**TASK TO COMPLETE:**
Everything below from the line with "Social media templates for" through the line with "bone-cross-section.jpg" must be retyped exactly, except the pictures.
───── RECORDS FOR THIS EXERCISE
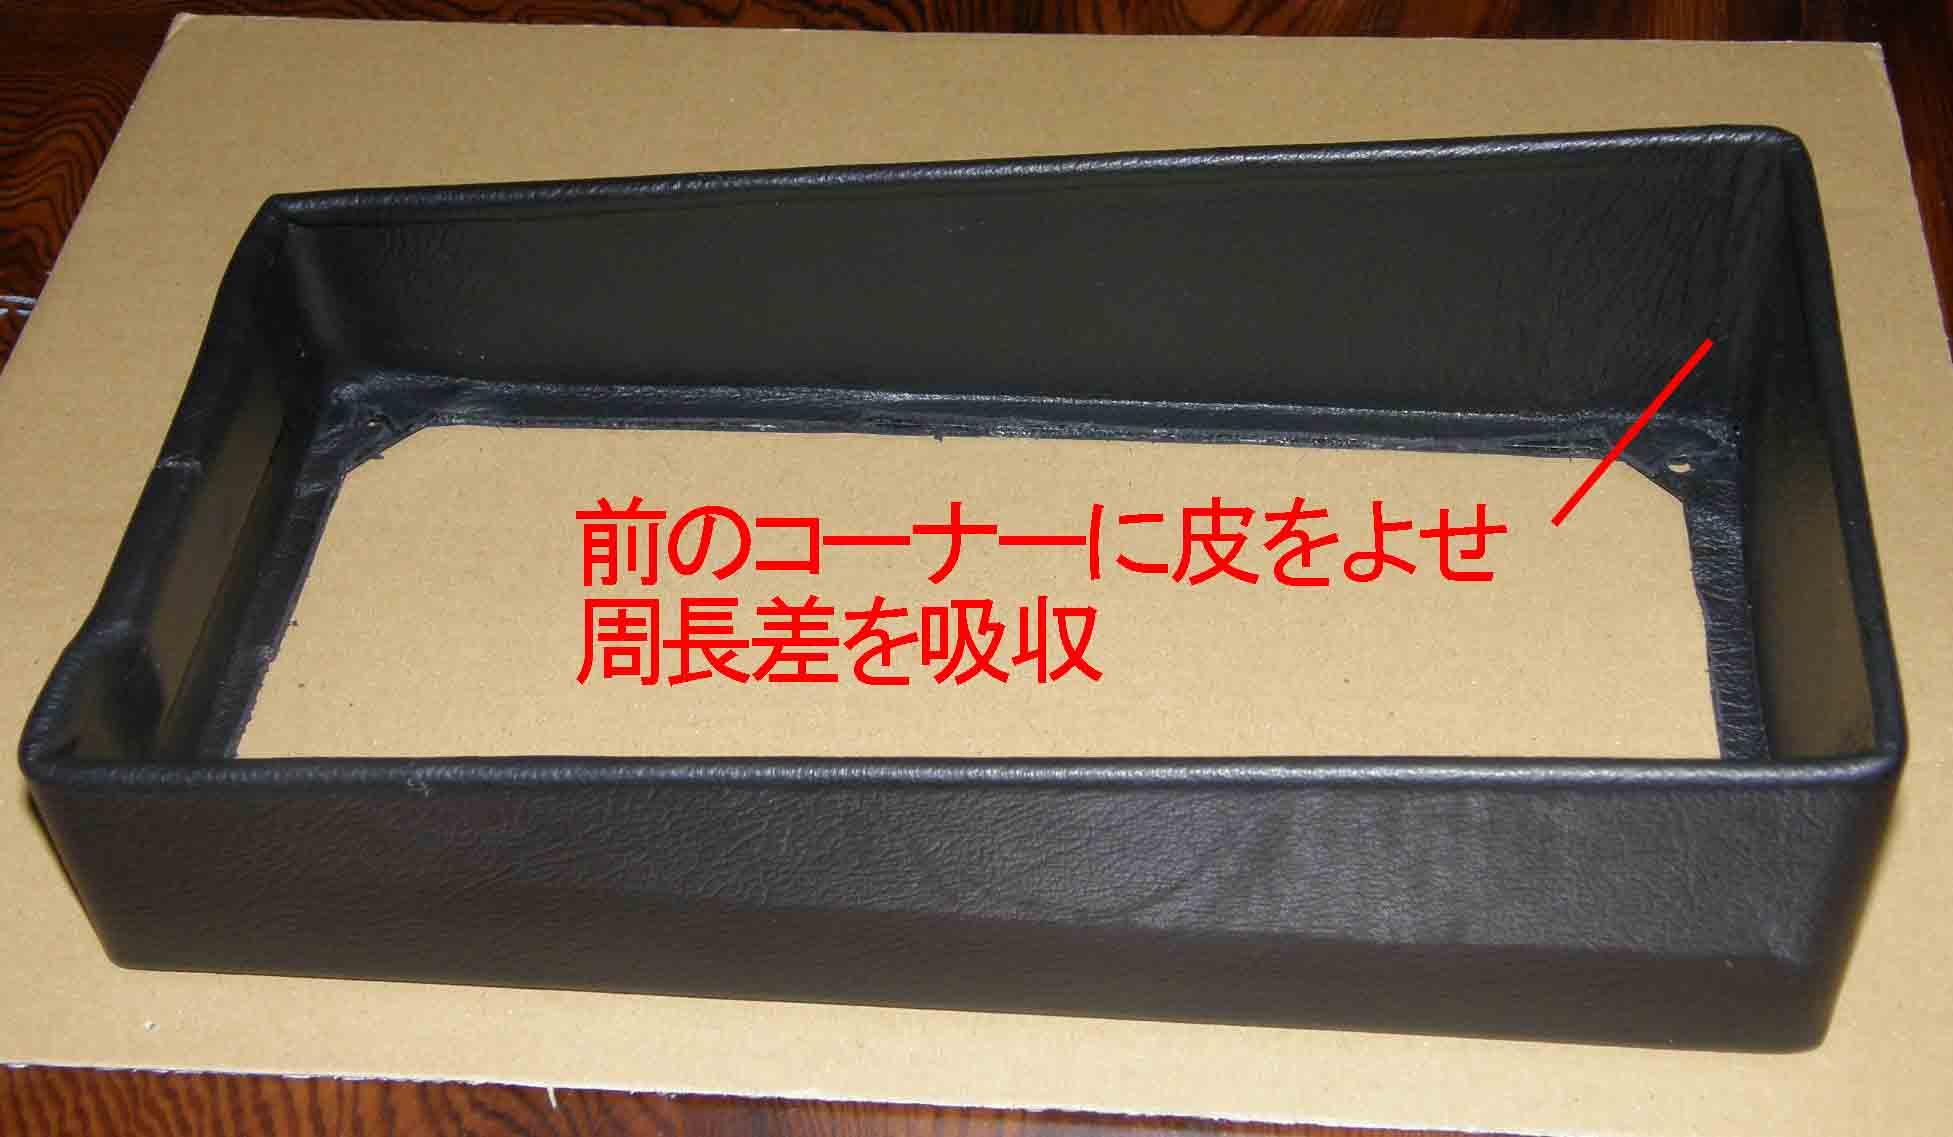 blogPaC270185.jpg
──────────
───── RECORDS FOR THIS EXERCISE
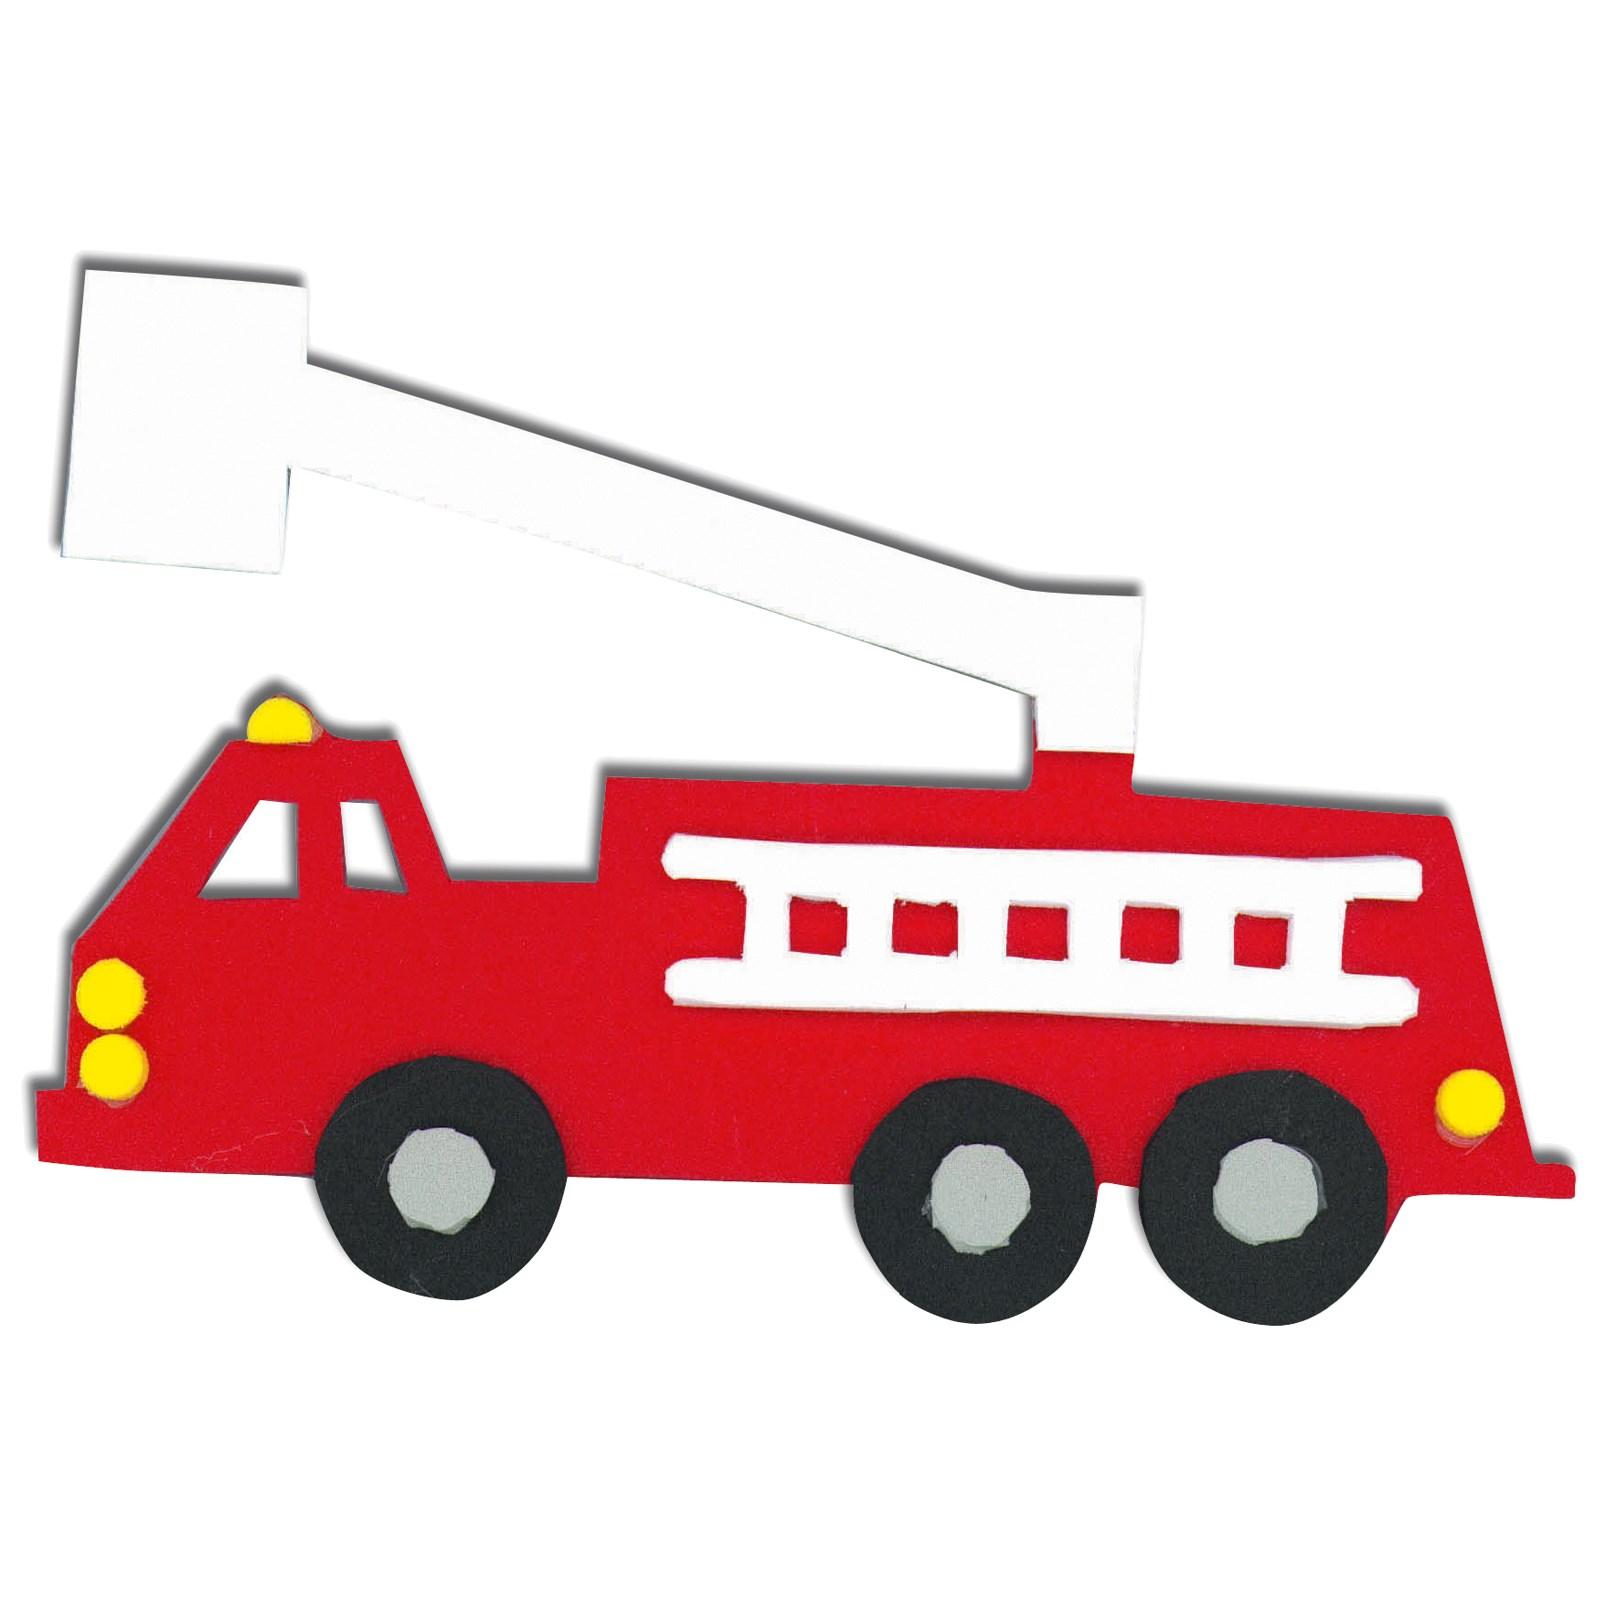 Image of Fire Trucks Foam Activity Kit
──────────
───── RECORDS FOR THIS EXERCISE
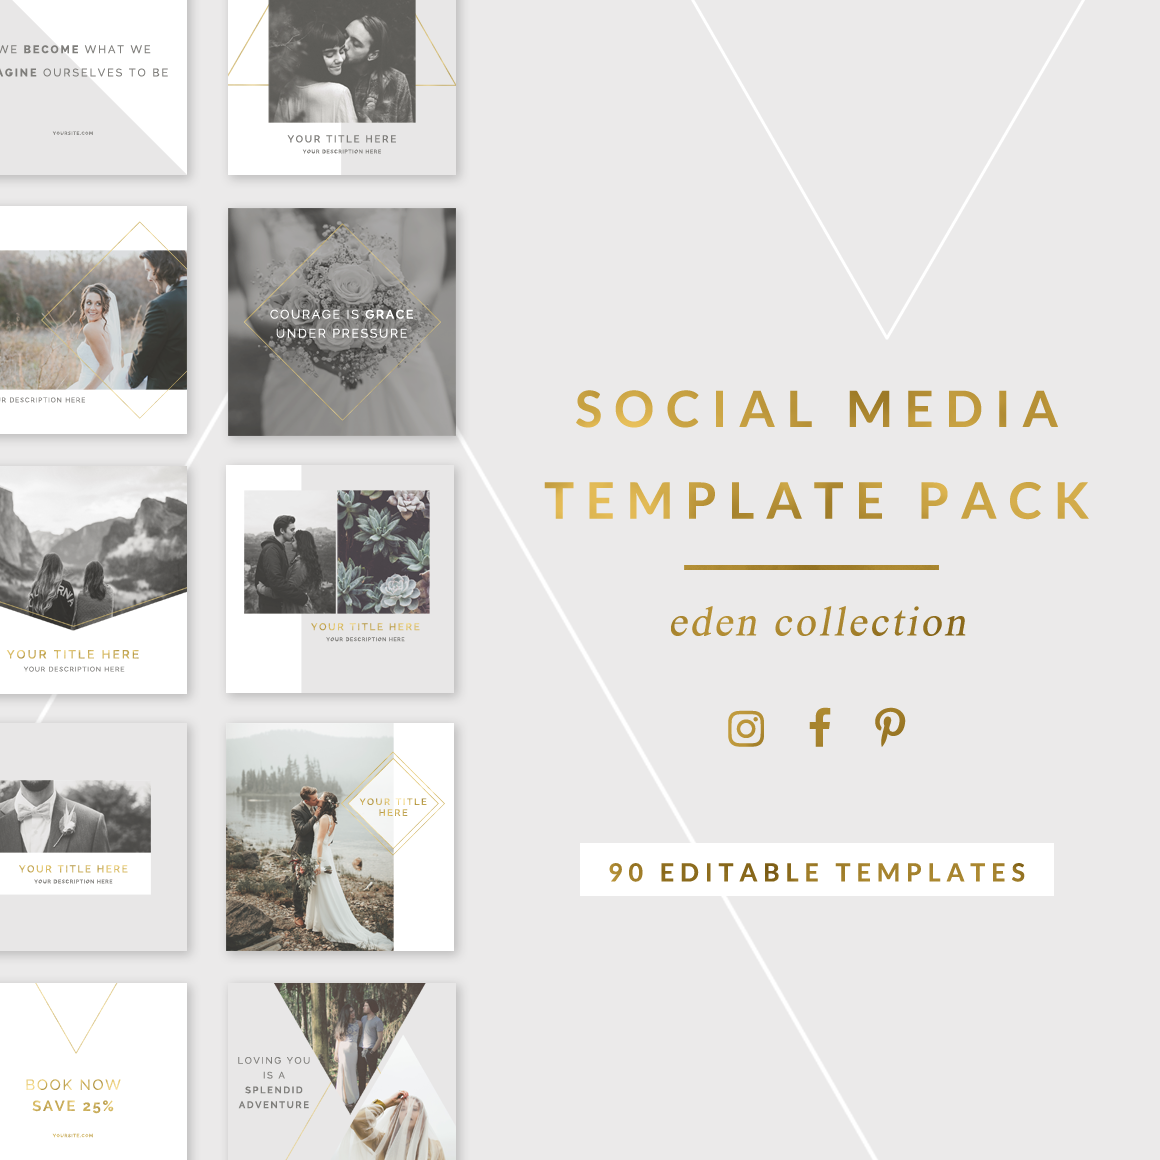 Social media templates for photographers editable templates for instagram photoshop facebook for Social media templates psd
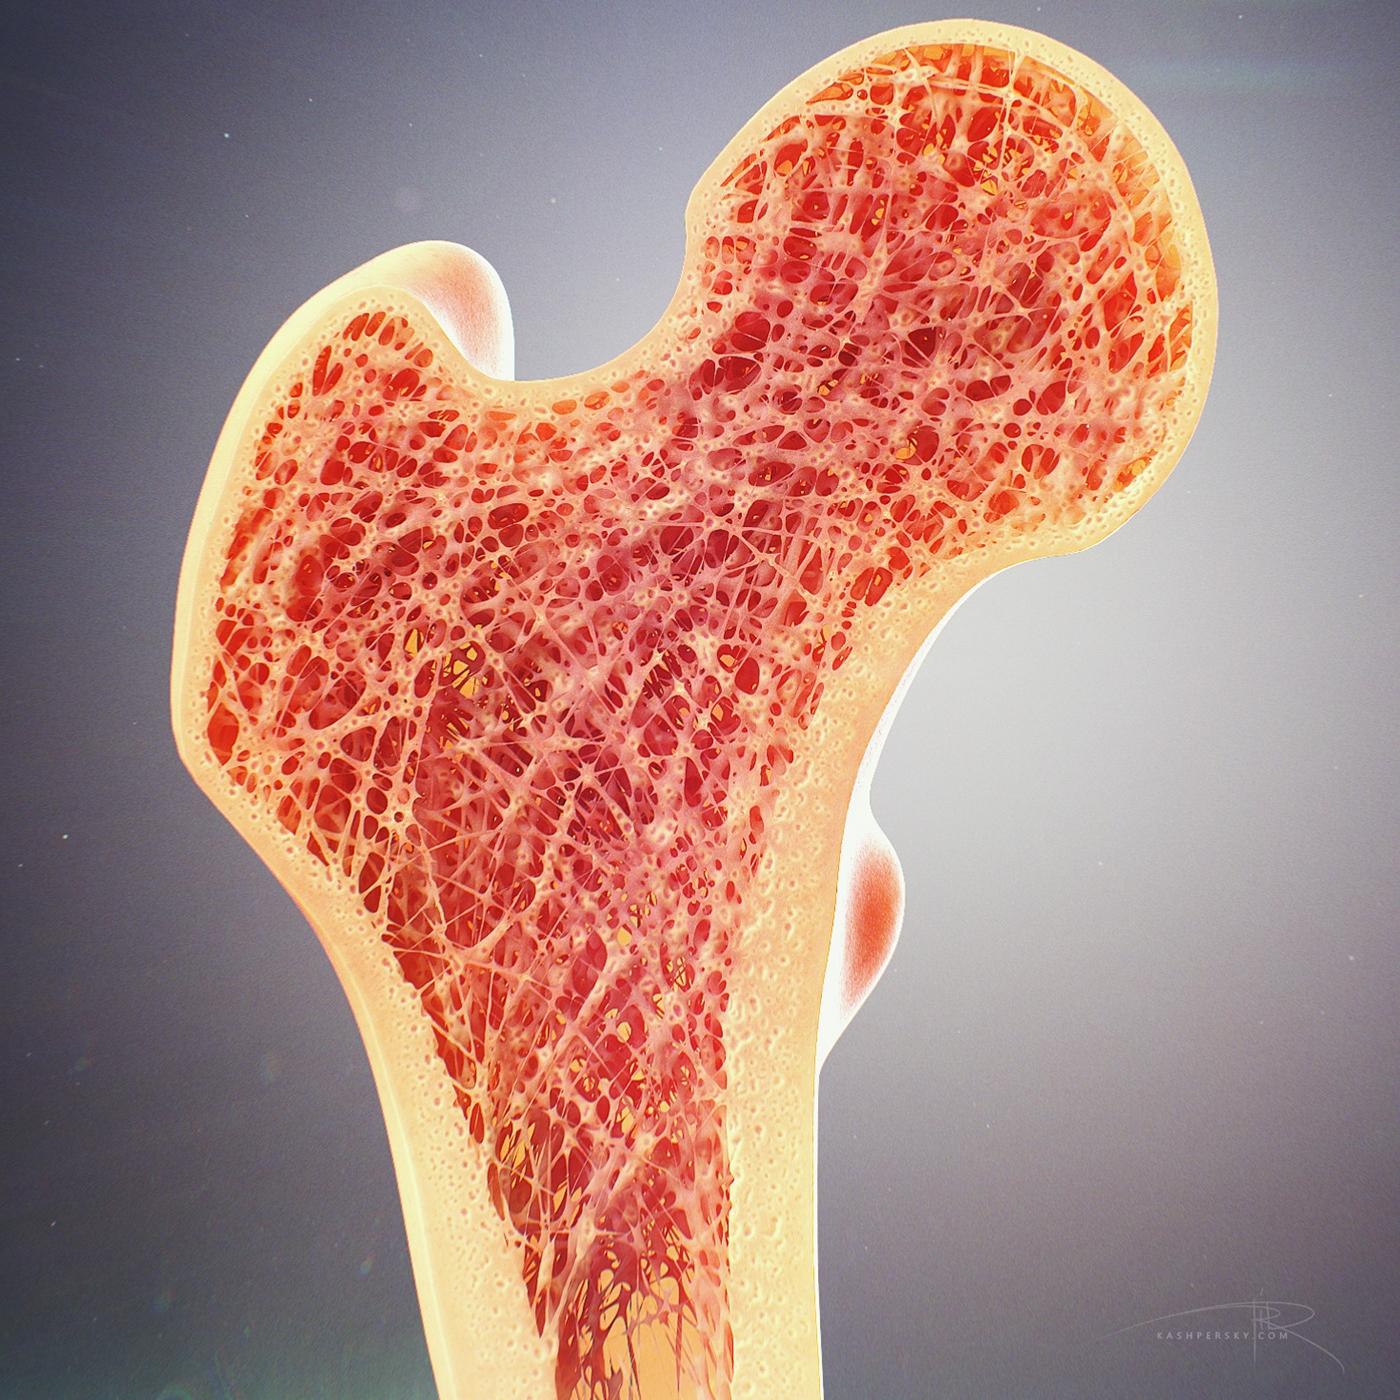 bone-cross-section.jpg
──────────
**OUTPUT OF THE EXERCISE:**
 Social media templates for photographers editable templates for instagram photoshop facebook for Social media templates psd
 bone-cross-section.jpg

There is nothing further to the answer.